### What is being asked
Copy the listing below exactly. Pictures stay out of it.

### Data segment
***

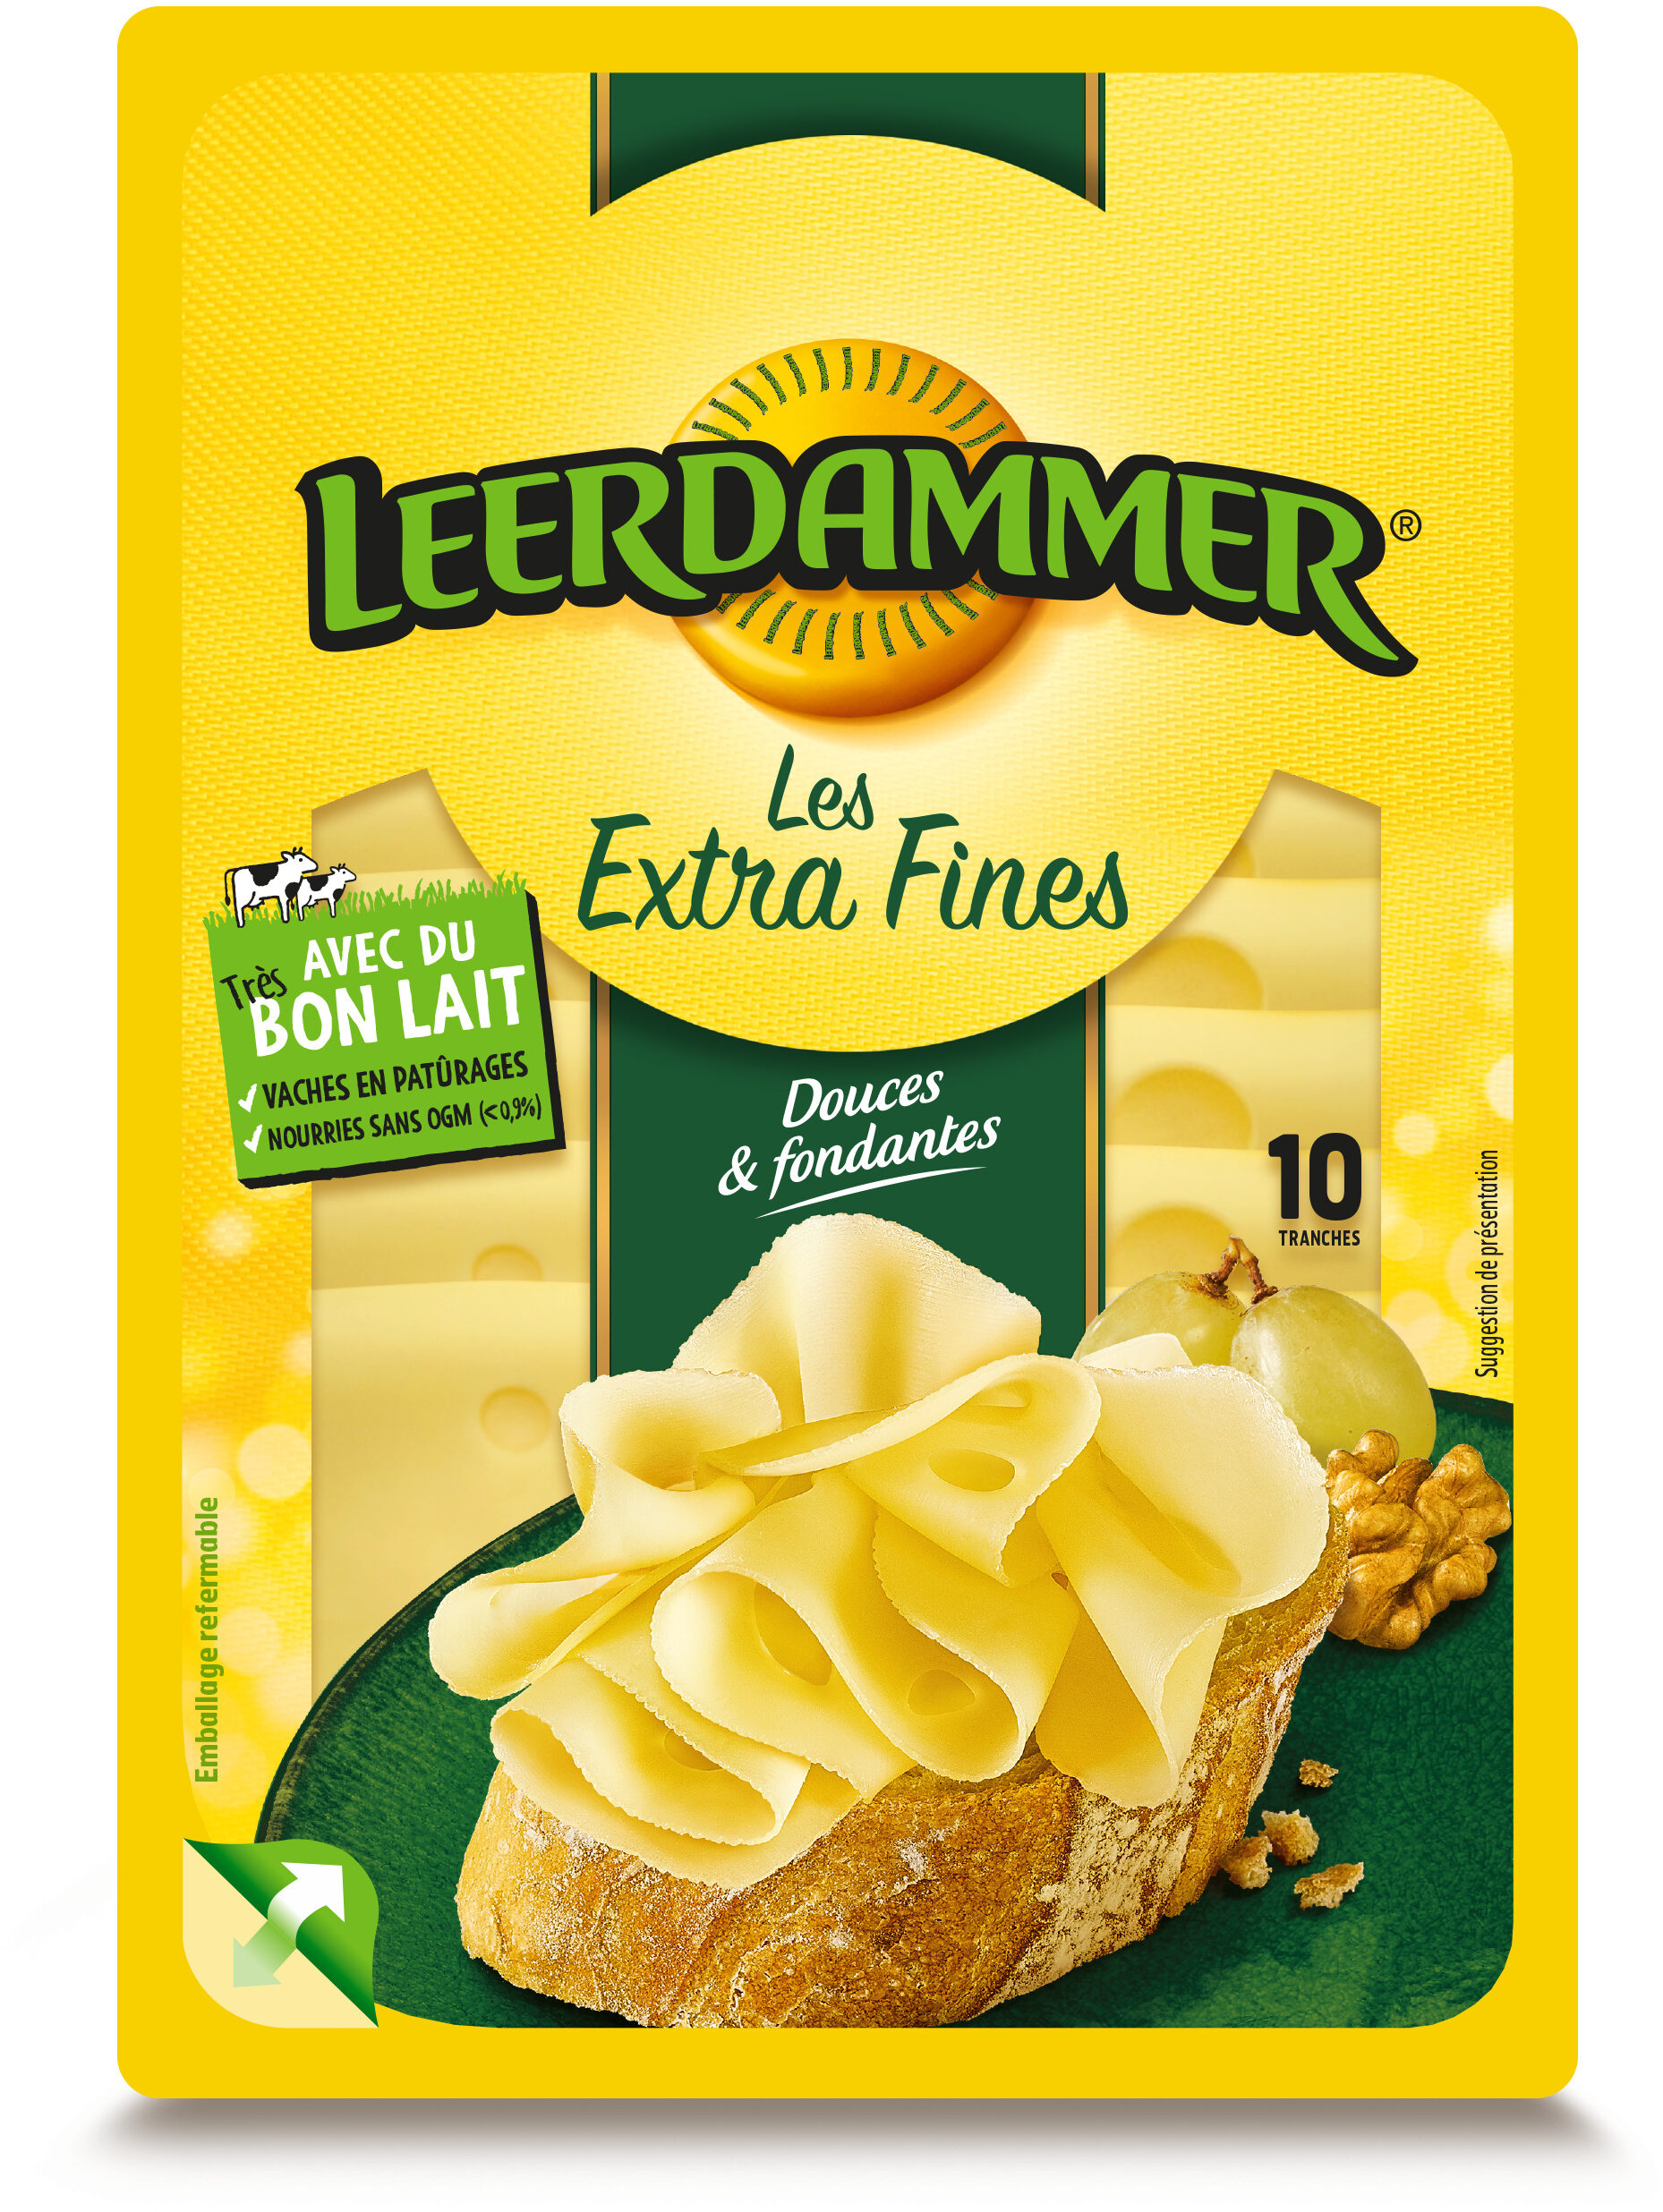 Leerdammer Extra Fines Originales douces et fondantes 10 tranches - Product - fr
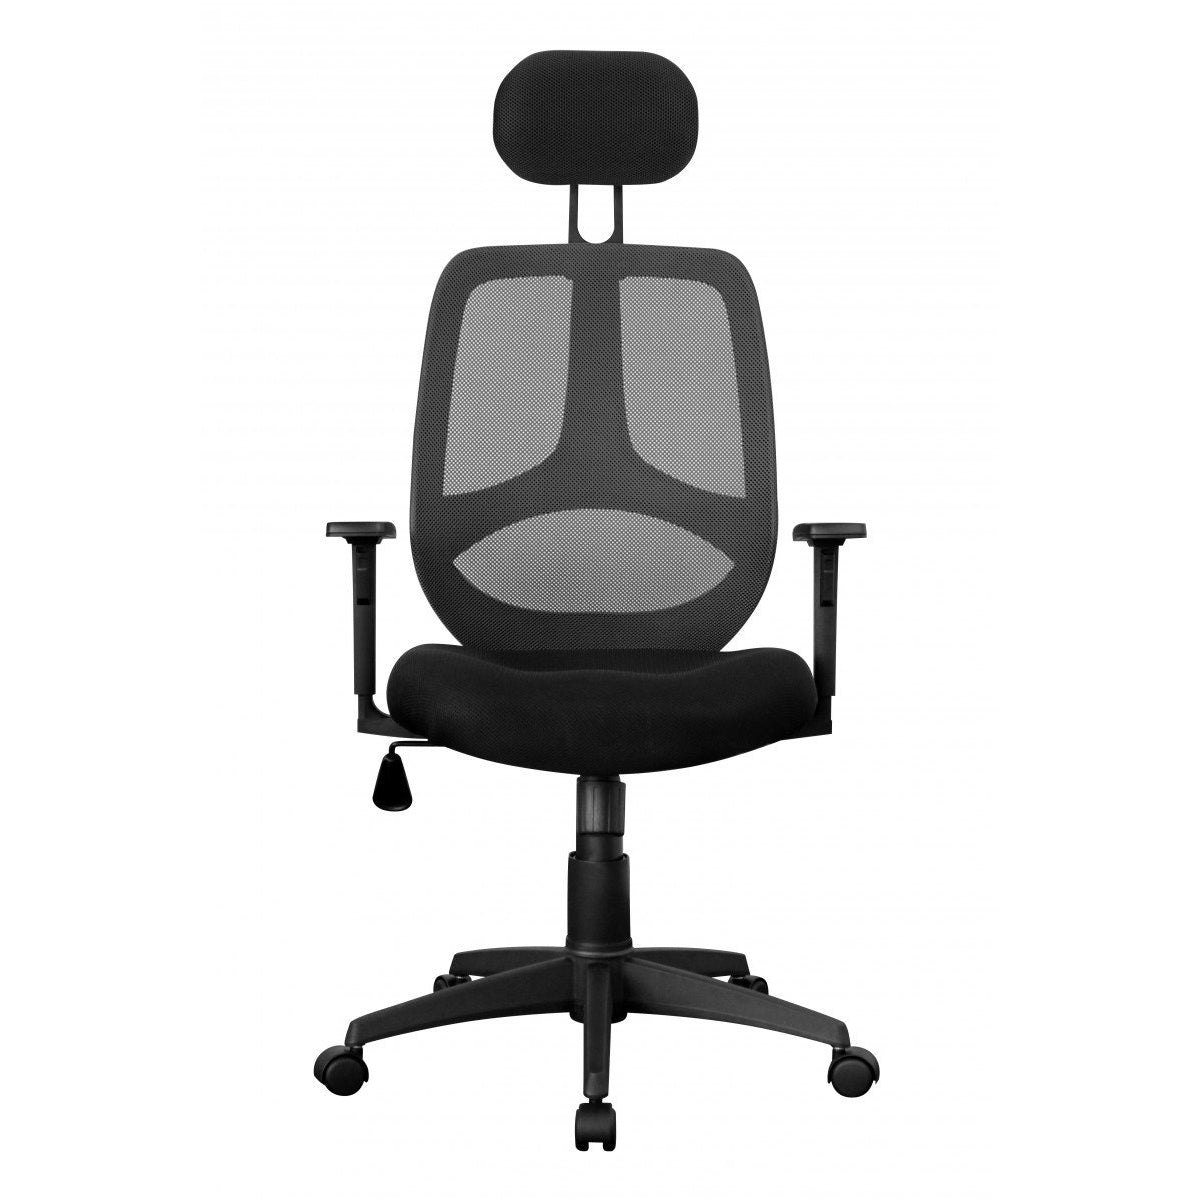 Nancy's Zion Office Chair - Swivel chair - Executive chair - Adjustable - Headrest - Ergonomic - Black
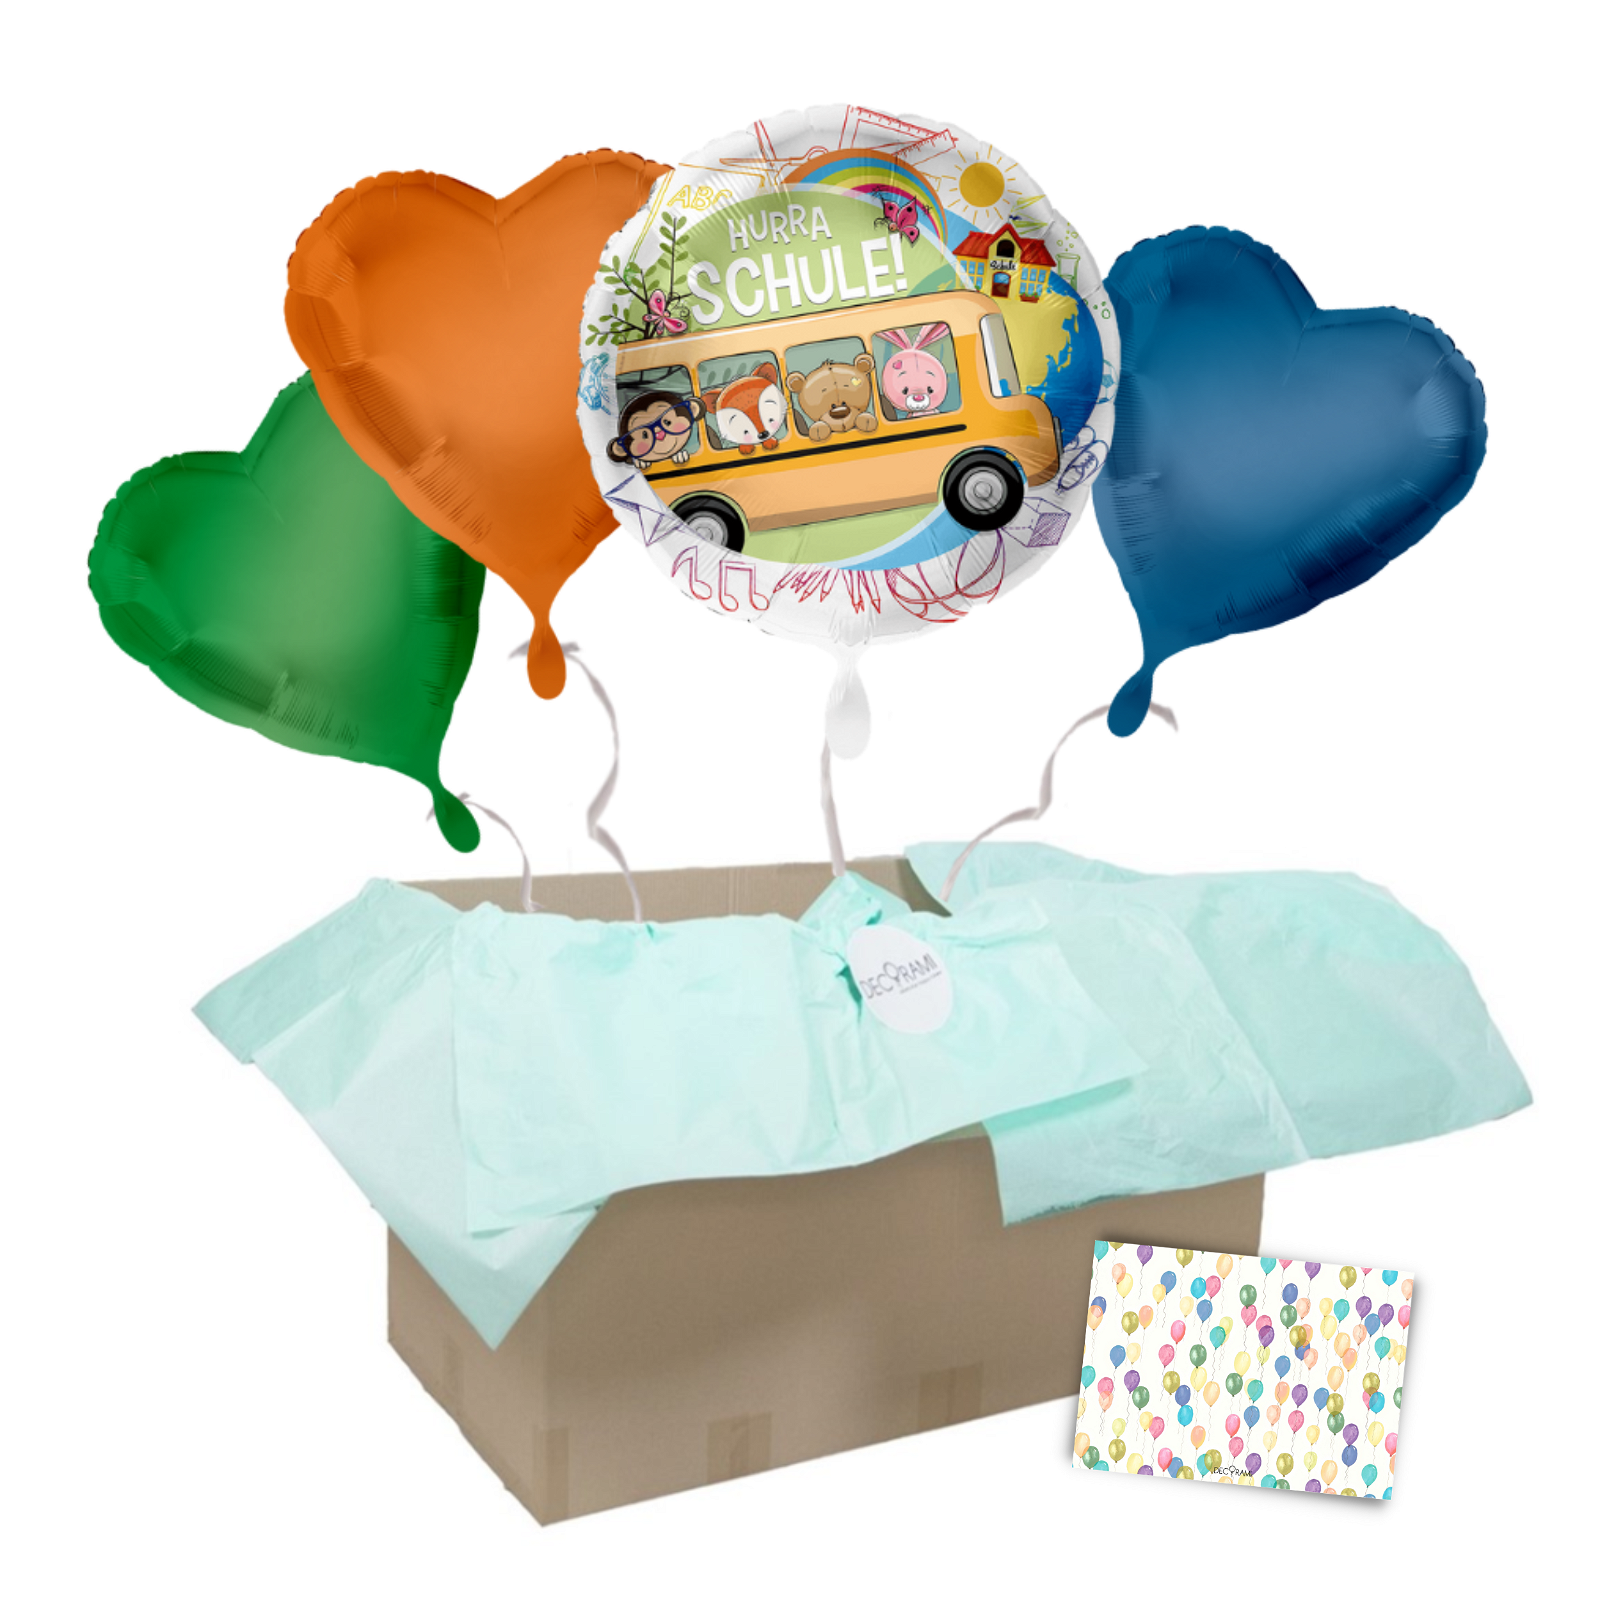 Heliumballon-Geschenk - Einschulung Hurra Schule

***

### Exercise result
 Leerdammer Extra Fines Originales douces et fondantes 10 tranches - Product - fr
 Nancy's Zion Office Chair - Swivel chair - Executive chair - Adjustable - Headrest - Ergonomic - Black
 Heliumballon-Geschenk - Einschulung Hurra Schule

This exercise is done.